The main article made a straightforward argument: Ari is now being read less like a small yield vehicle and more like a development platform, so the important gap is the gap between reported value and actual NOI and cash. This follow-up isolates Ashdod because no other asset explains that gap as clearly.

The 2025 numbers show why the distinction matters. Star Center Ashdod ended the year with a fair value of ILS 1.270 billion and a book value of ILS 1.266 billion, but actual NOI slipped slightly to ILS 59.2 million from ILS 59.7 million in 2024, while average occupancy fell to 97% from 99%. In other words, nearly ILS 70 million of revaluation gain was added in a year when the operating engine itself did not deliver a matching step-up.

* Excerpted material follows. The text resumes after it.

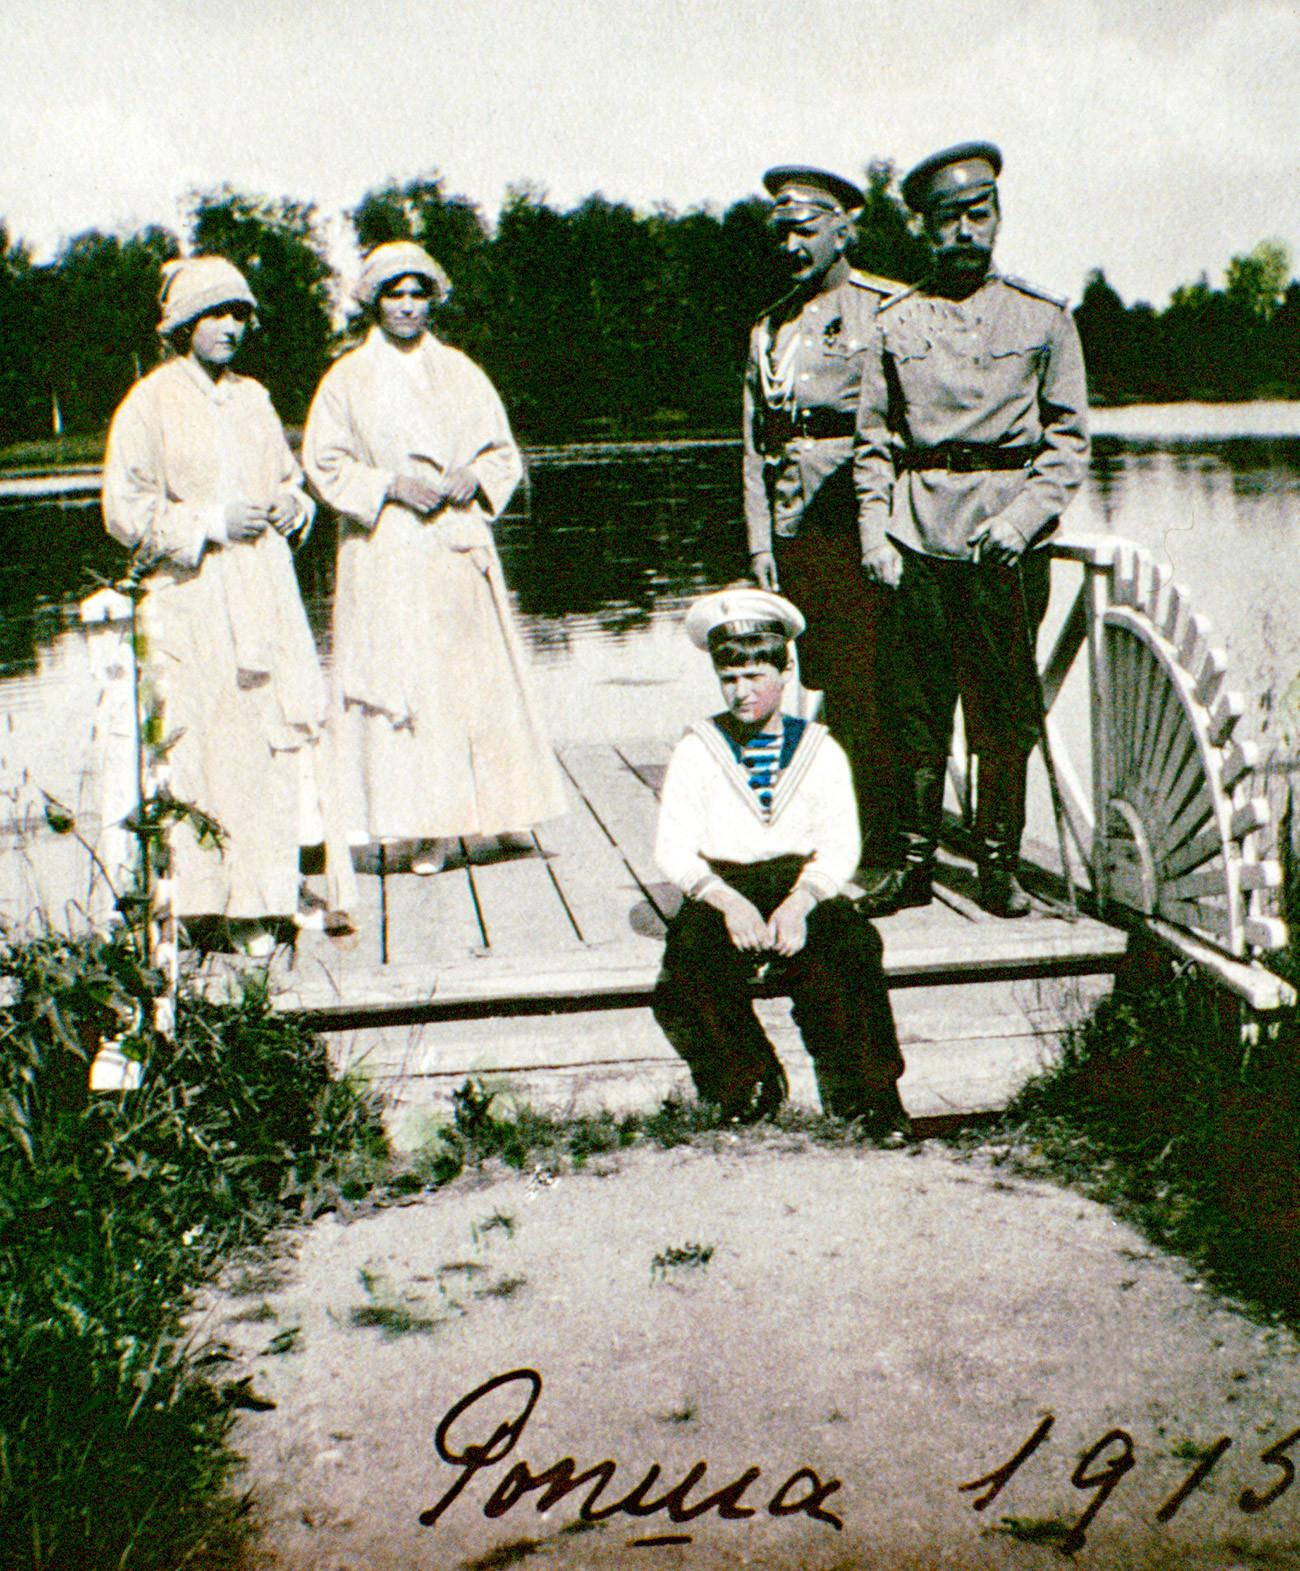 Anastasia, Maria, Alexei, Tsar Nikolay II dan Nikolai Sablin, seorang anggota AL Kekaisaran Rusia, pada 1915 di Ropsha, lokasi favorit keluarga kerajaan untuk berburu dan memancing, 20 km di selatan Peterhof.
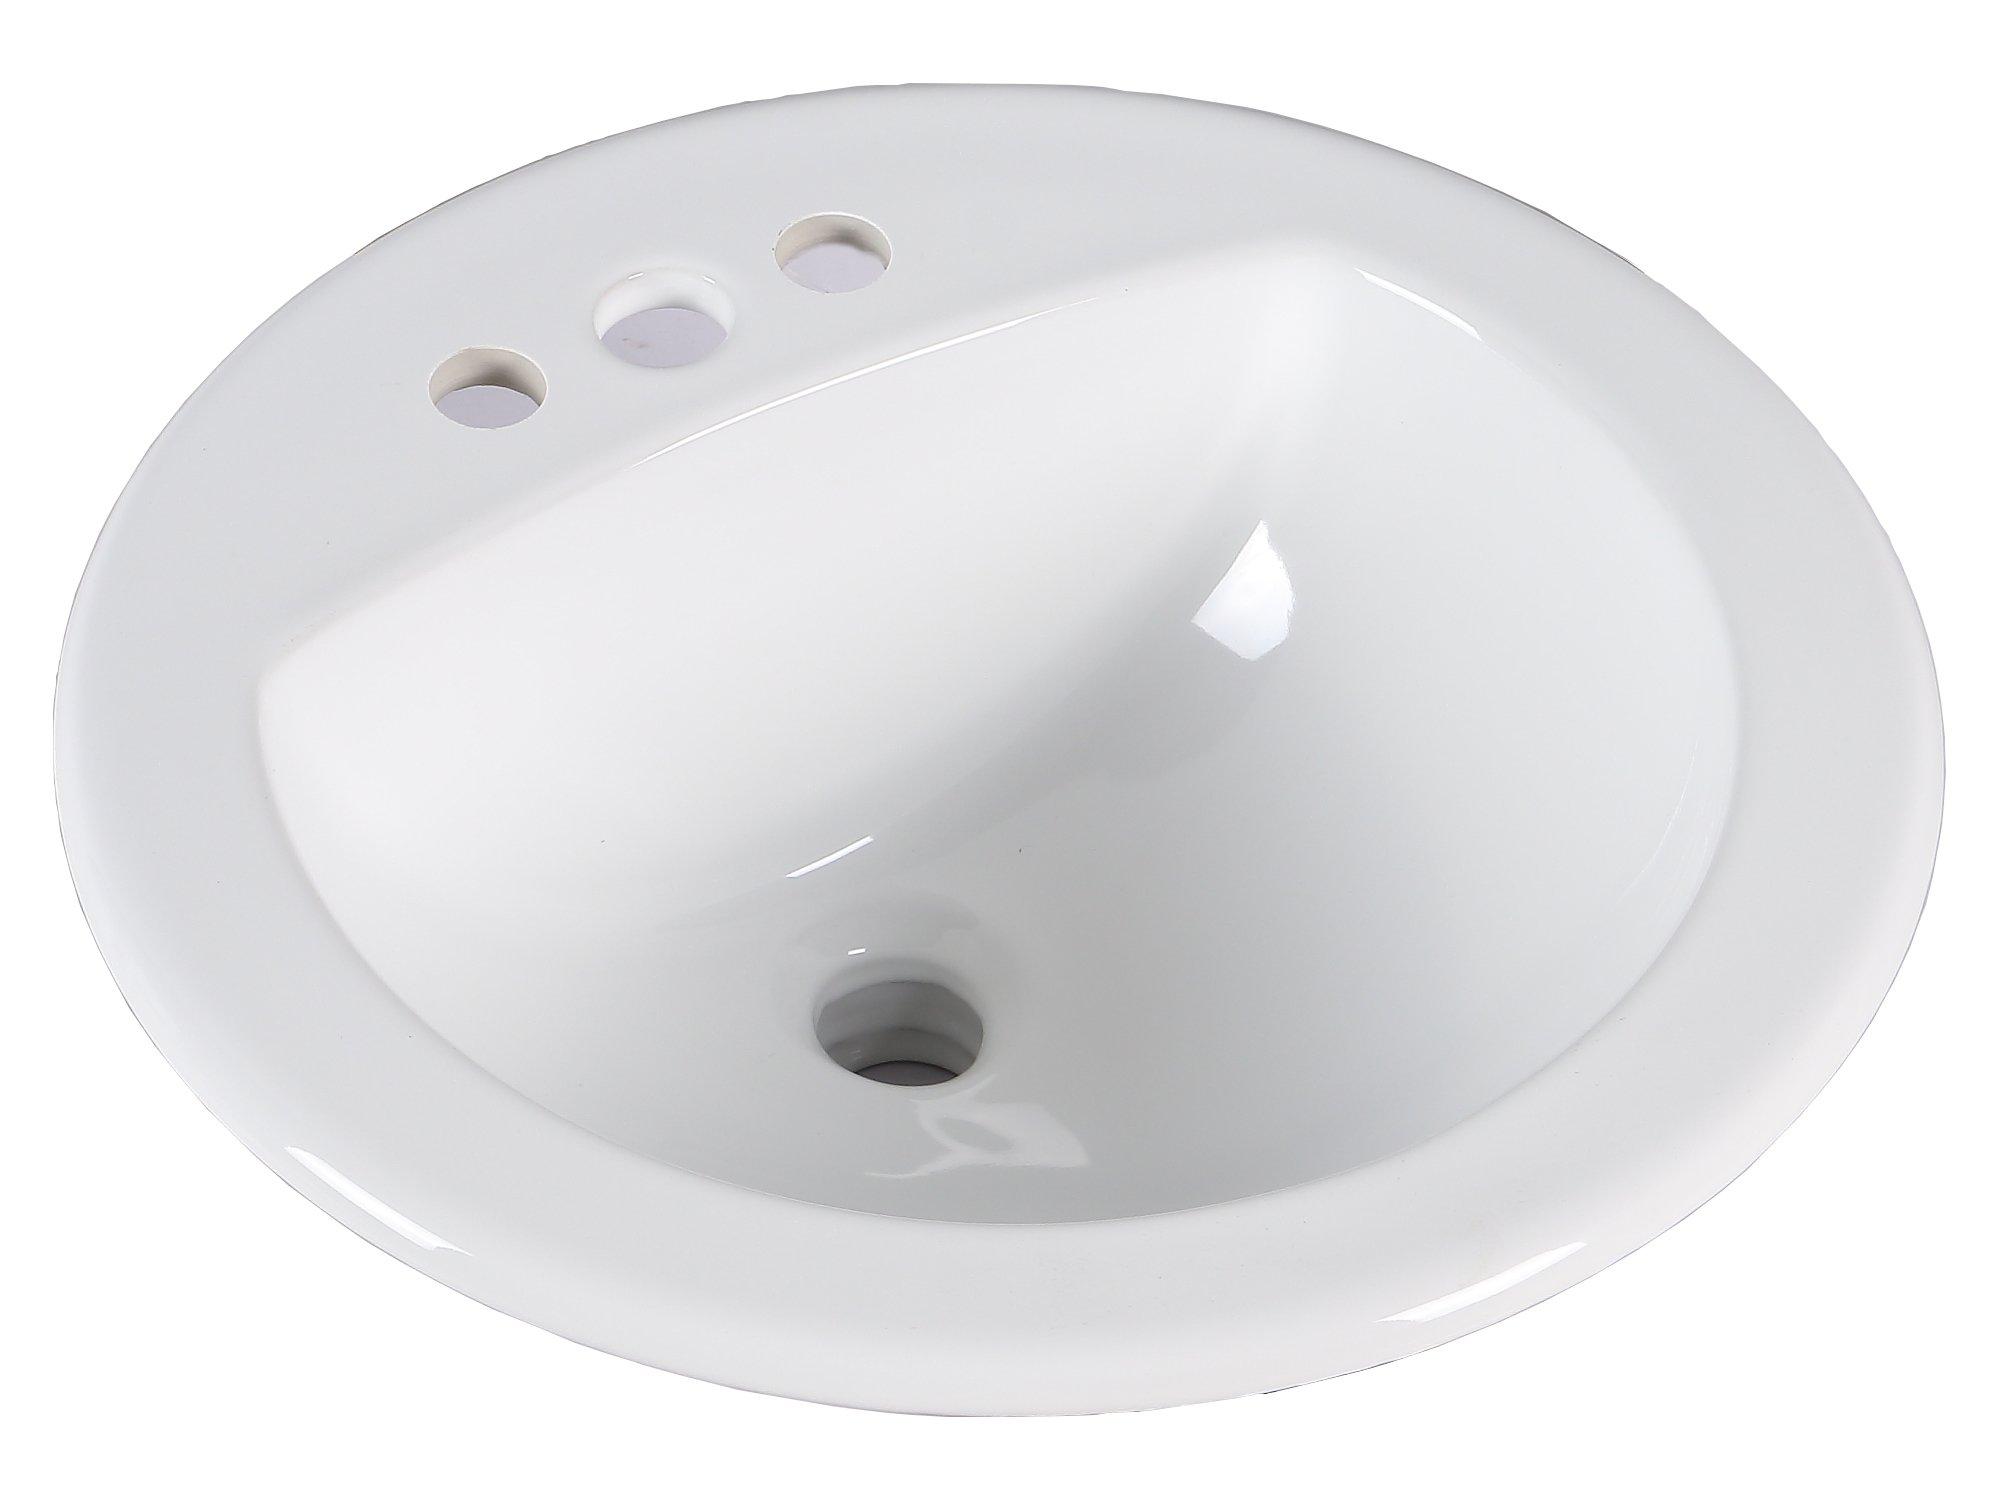 KINGSMAN 19 Inch Round Topmount / Self Rimming / Drop In Vitreous Ceramic Lavatory Vanity Bathroom Sink Pure White

The mistake is to read that entire gap in one way. Not all of the ILS 1.266 billion is “paper value” in the same sense, but neither is all of it current NOI waiting to show up in the next report. At the end of 2025 Ashdod has three very different layers: a layer already tied to an operating asset and existing tenants, a layer of granted rights and existing permits that have not yet become income, and a layer of planning premium tied to a much broader mixed-use plan that had not yet been deposited.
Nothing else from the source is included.